## [RECORDS PROVIDED]
>>

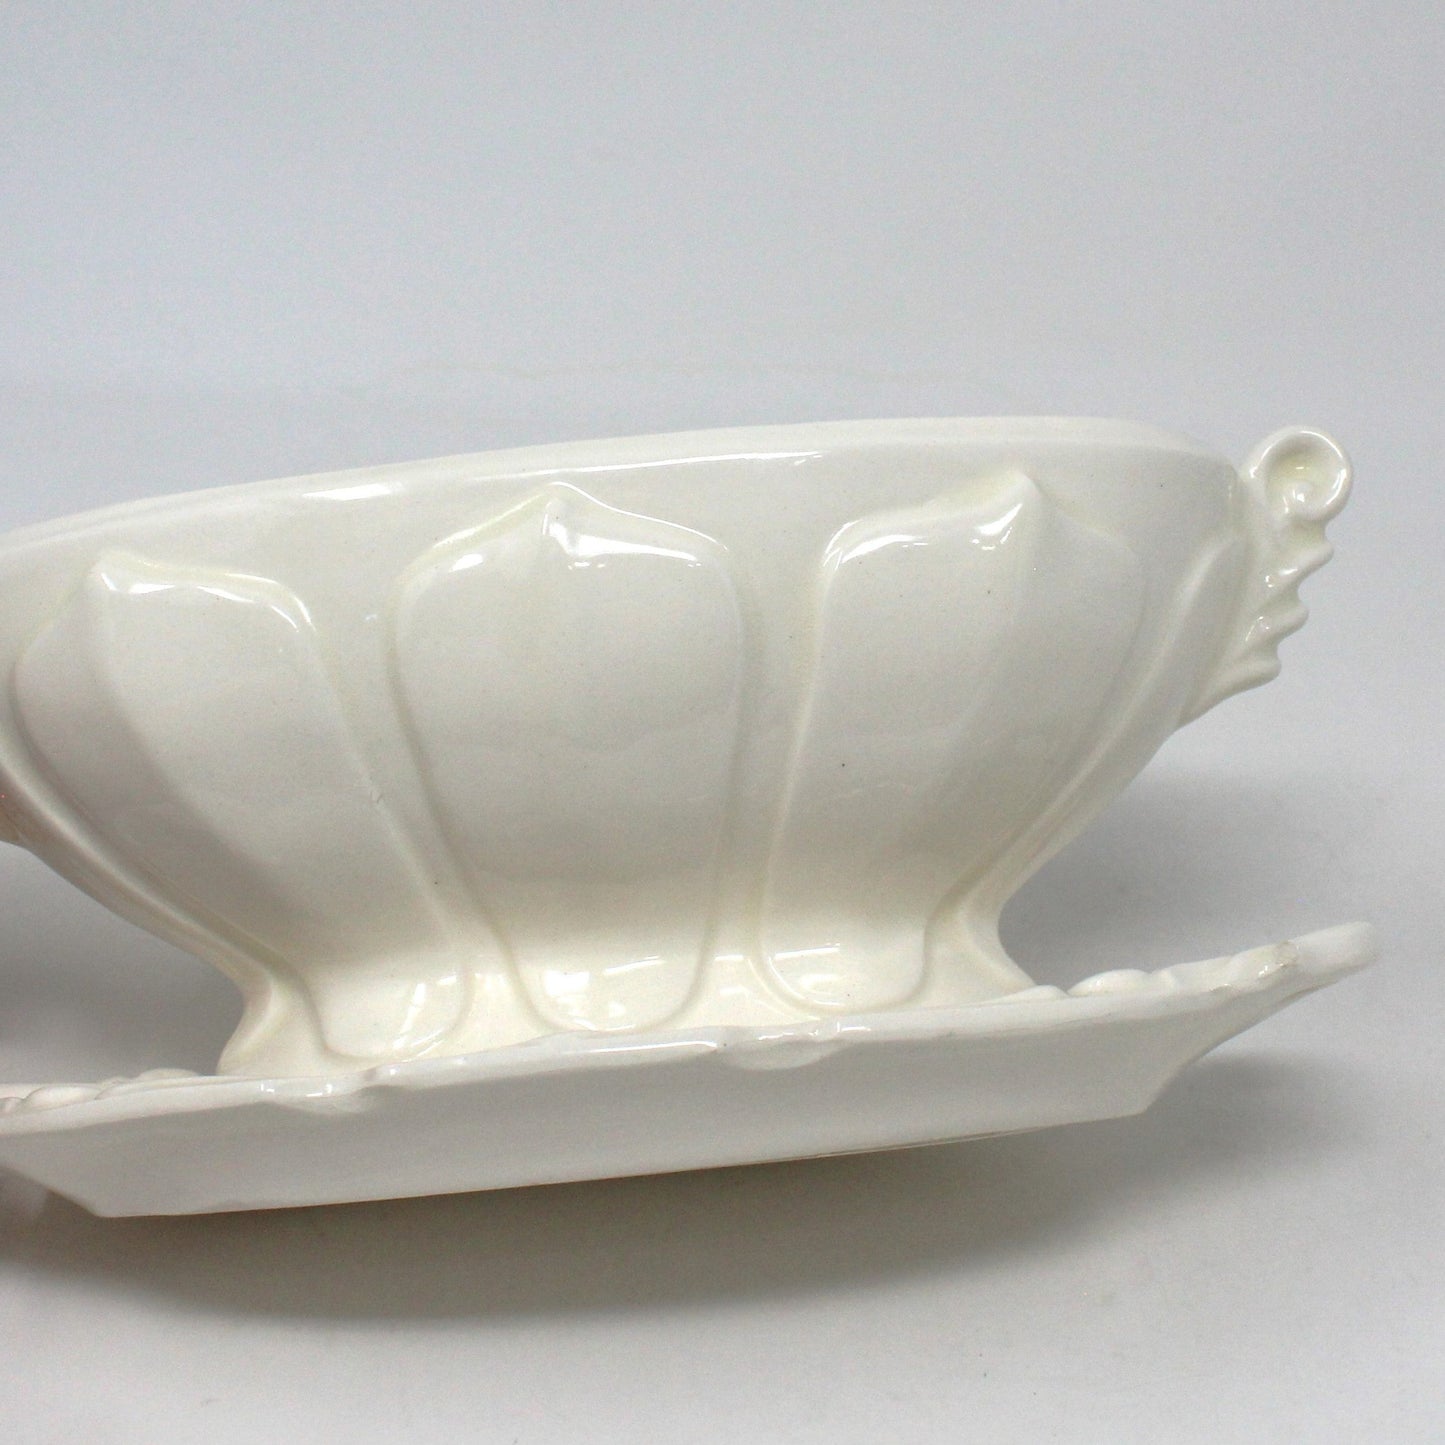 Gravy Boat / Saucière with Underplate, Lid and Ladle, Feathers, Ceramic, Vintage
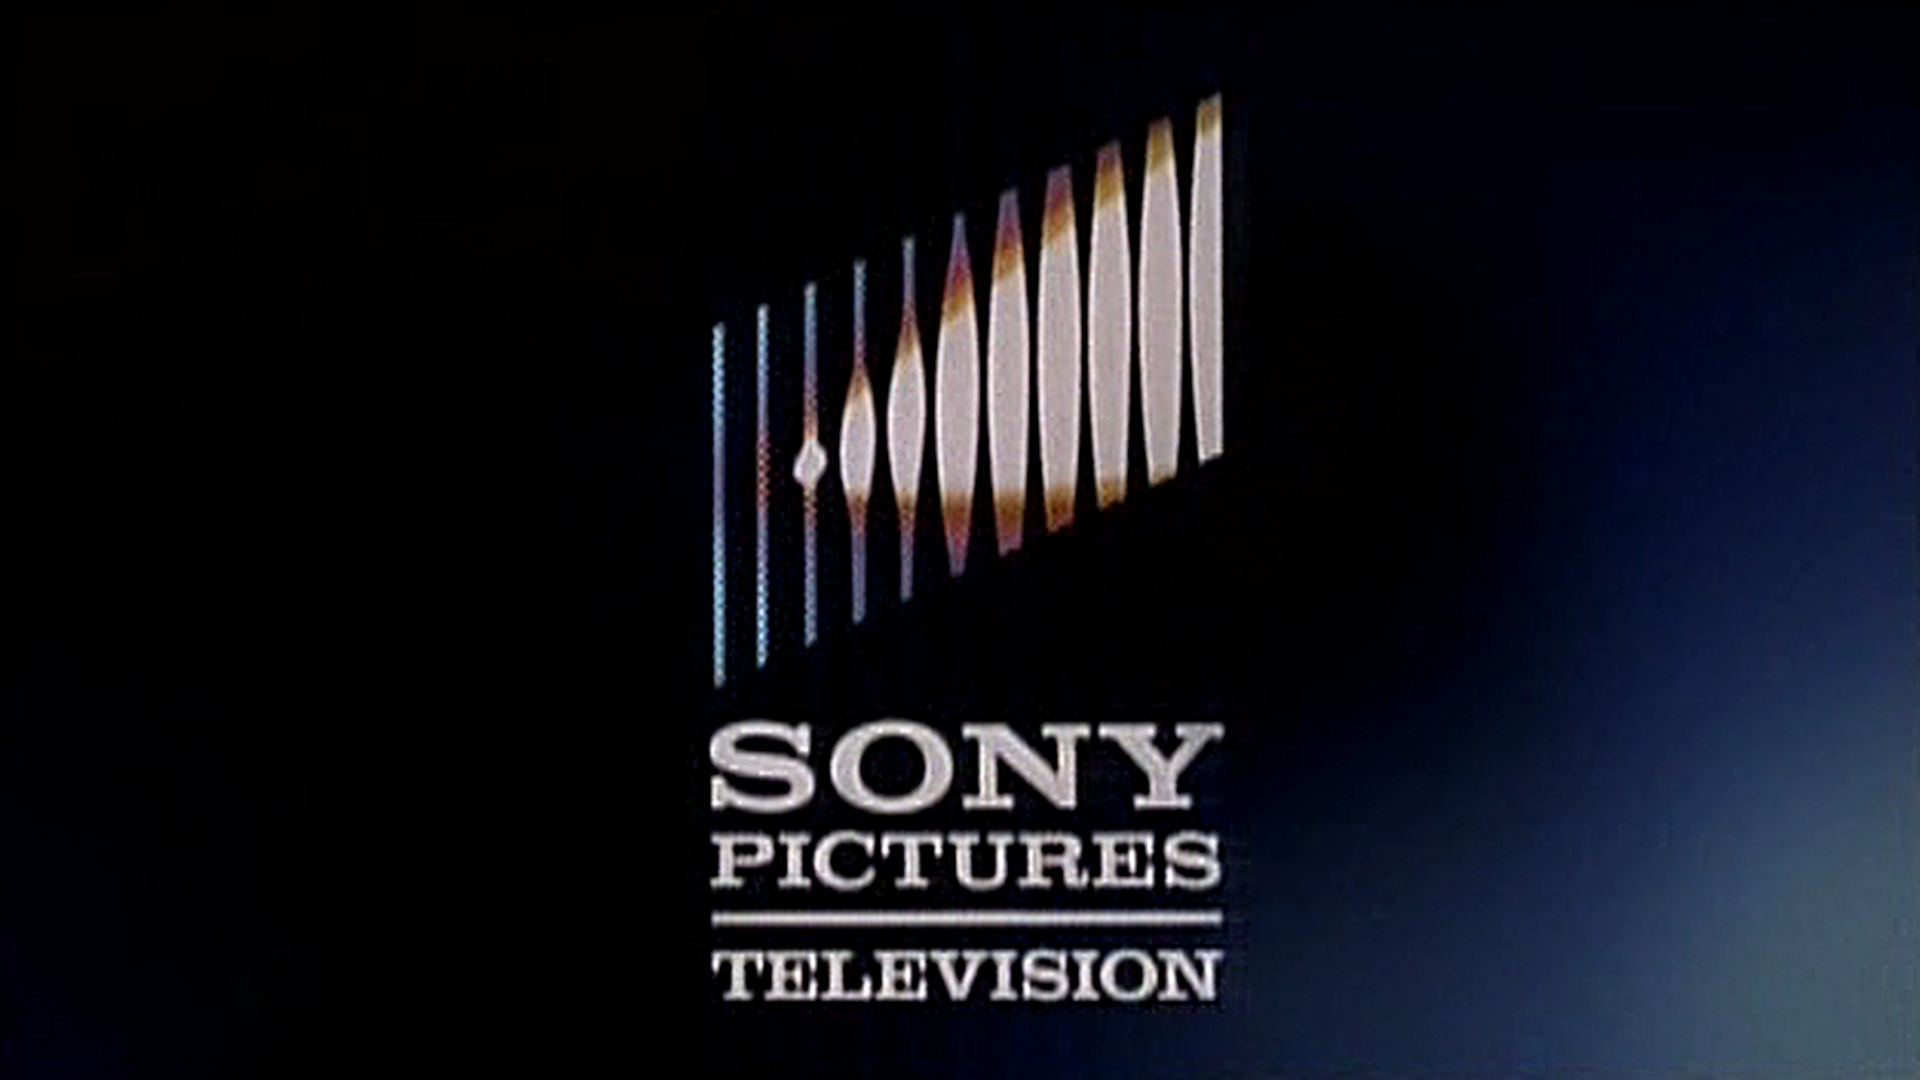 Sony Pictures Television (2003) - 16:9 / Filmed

<<
>>

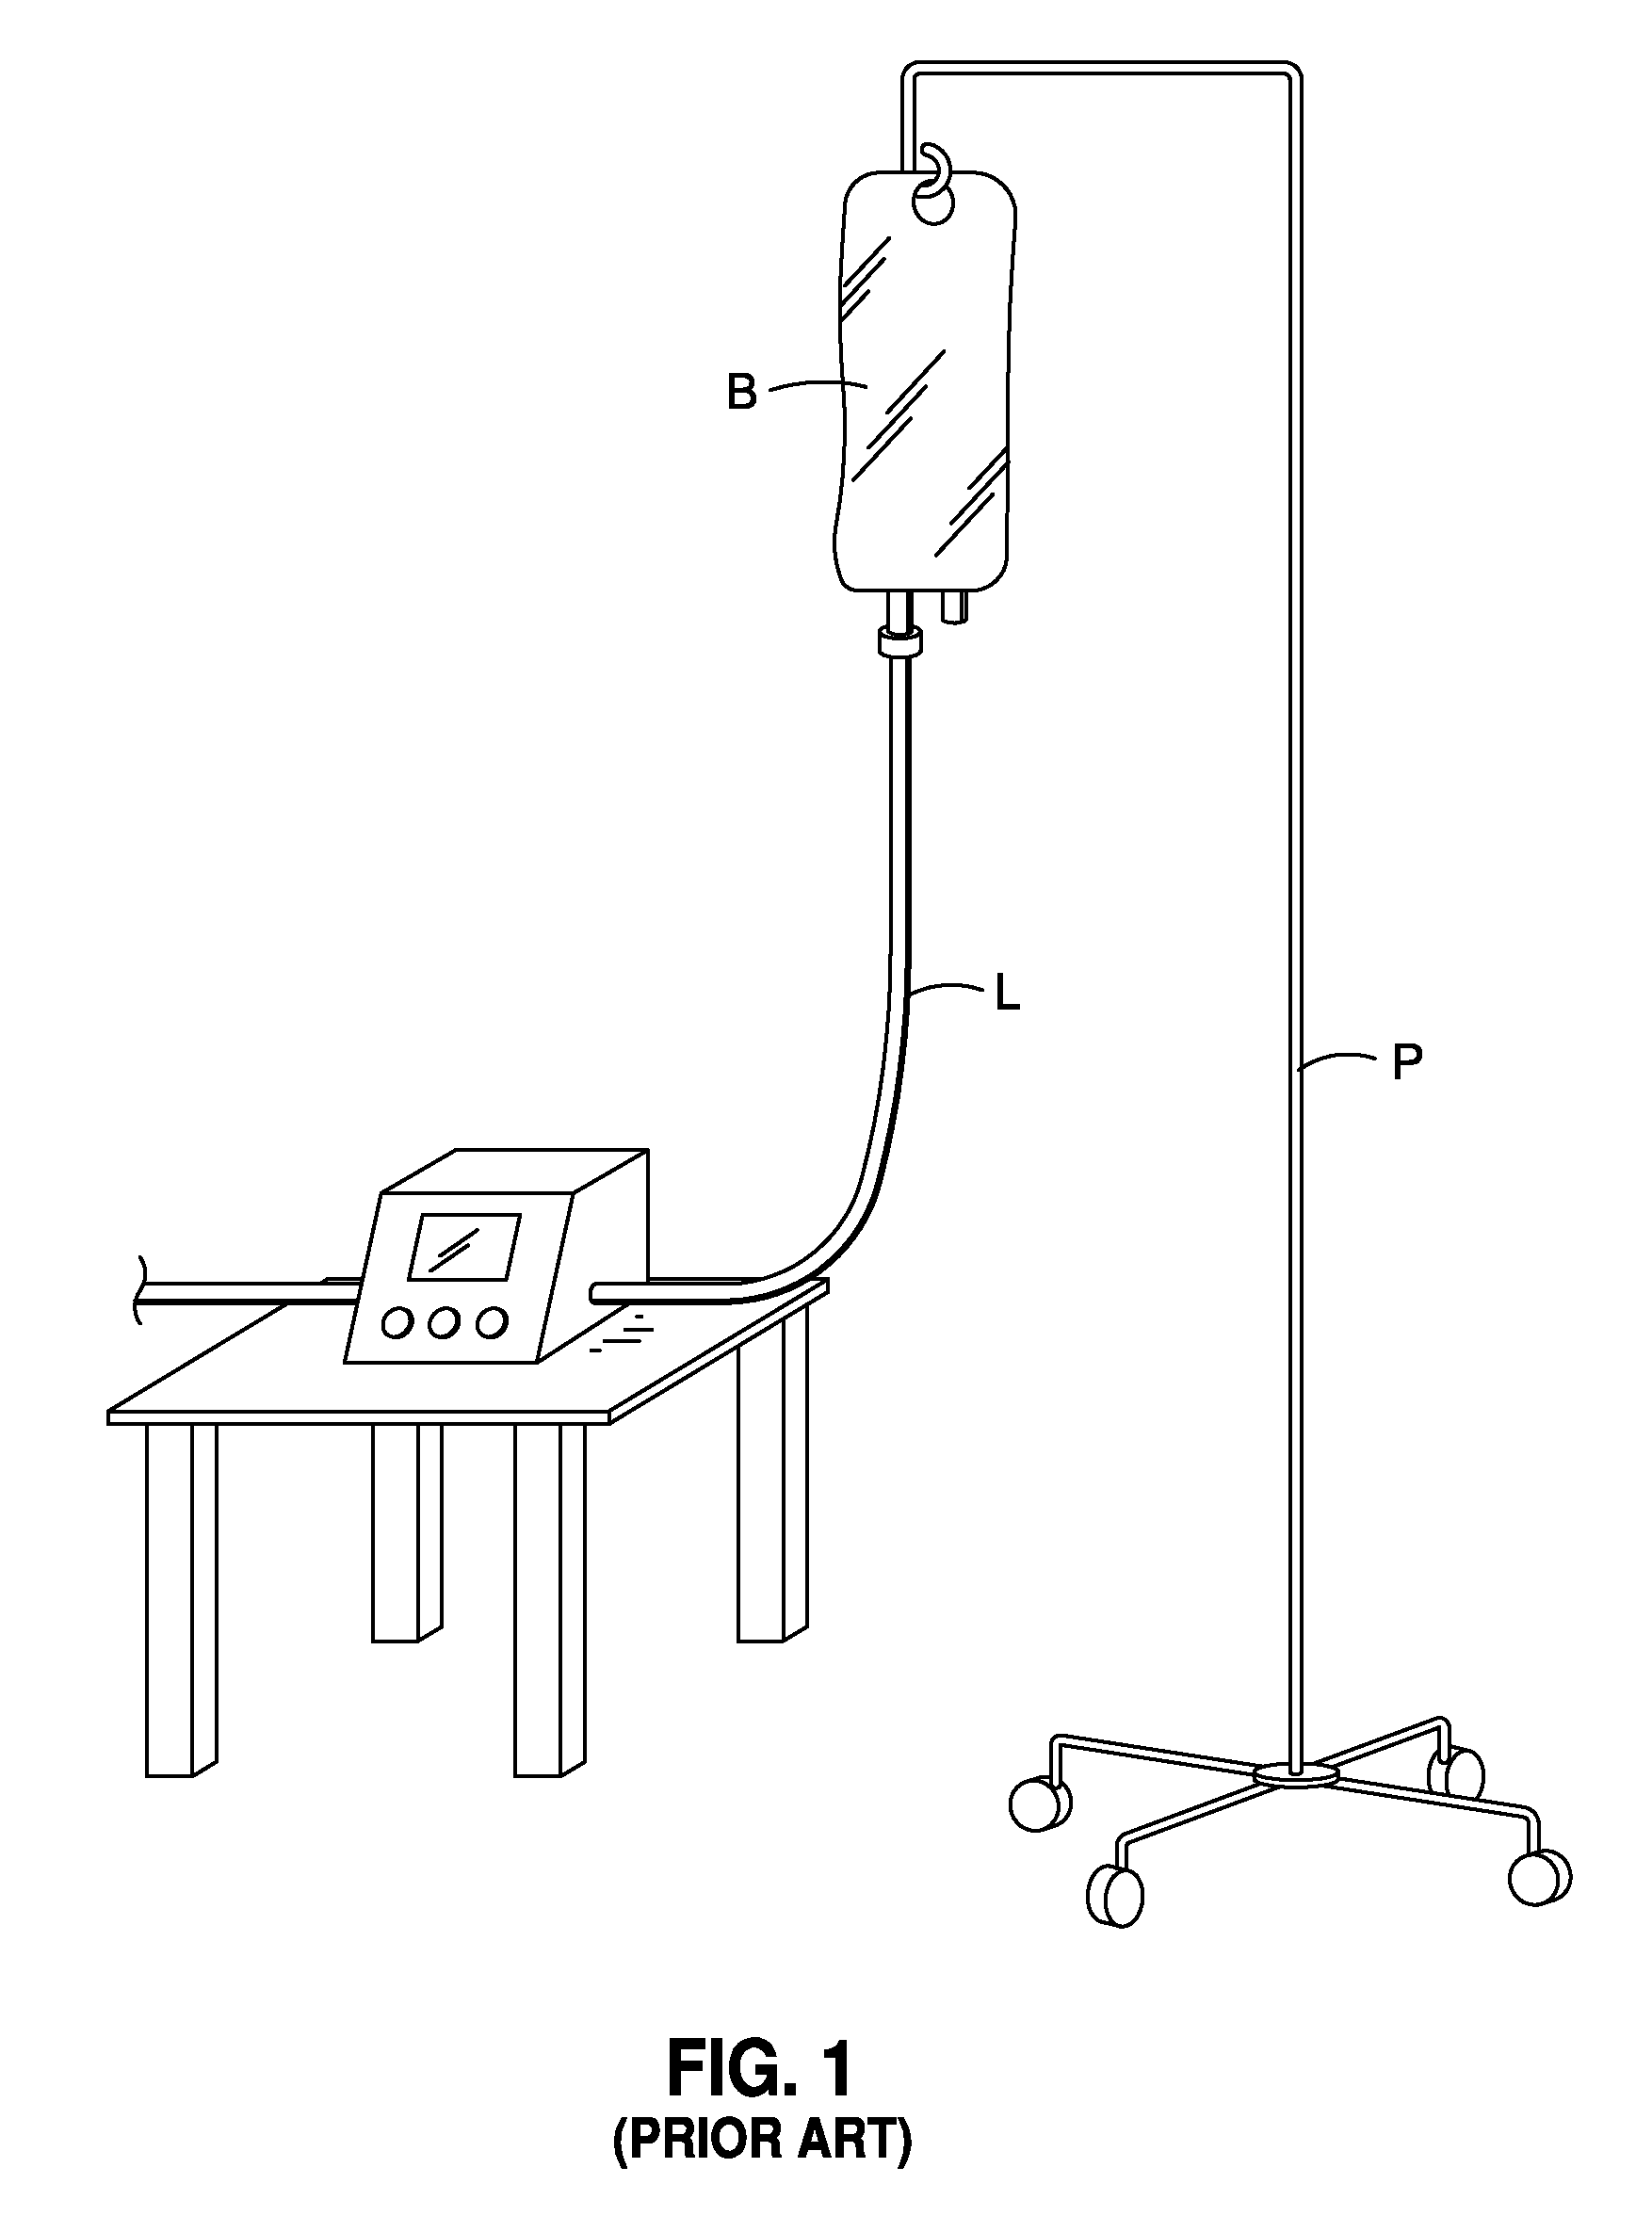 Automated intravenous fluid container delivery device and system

<<
>>

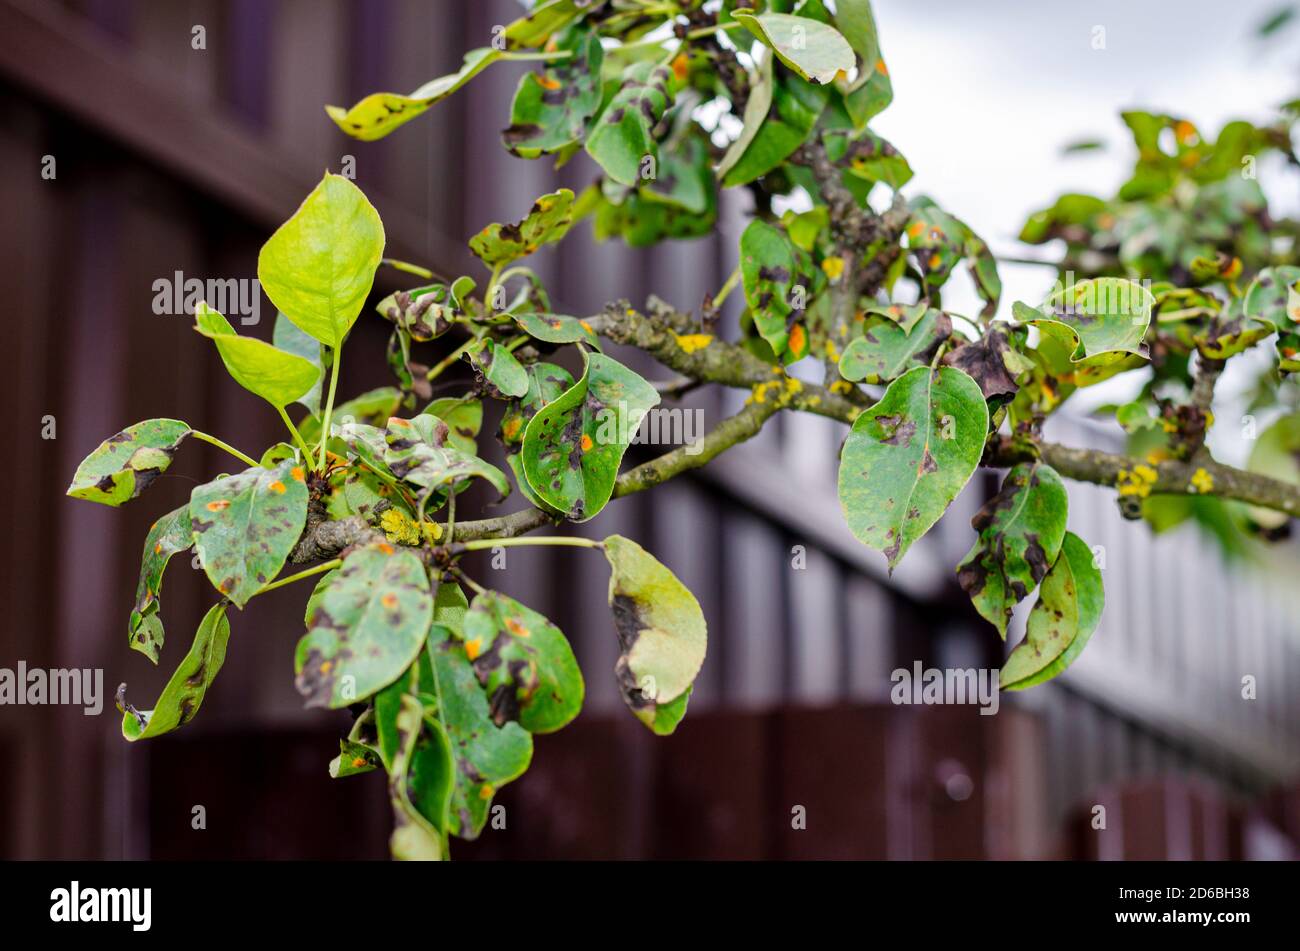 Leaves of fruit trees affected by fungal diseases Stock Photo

<<

## [REQUIRED ACTION]
Repeat, word for word, the lines of the material above from the one holding "Gravy Boat /" through the one holding "Sony Pictures Television". Leave out pictures.

## [EXERCISE ANSWER]
 Gravy Boat / Saucière with Underplate, Lid and Ladle, Feathers, Ceramic, Vintage
 Sony Pictures Television (2003) - 16:9 / Filmed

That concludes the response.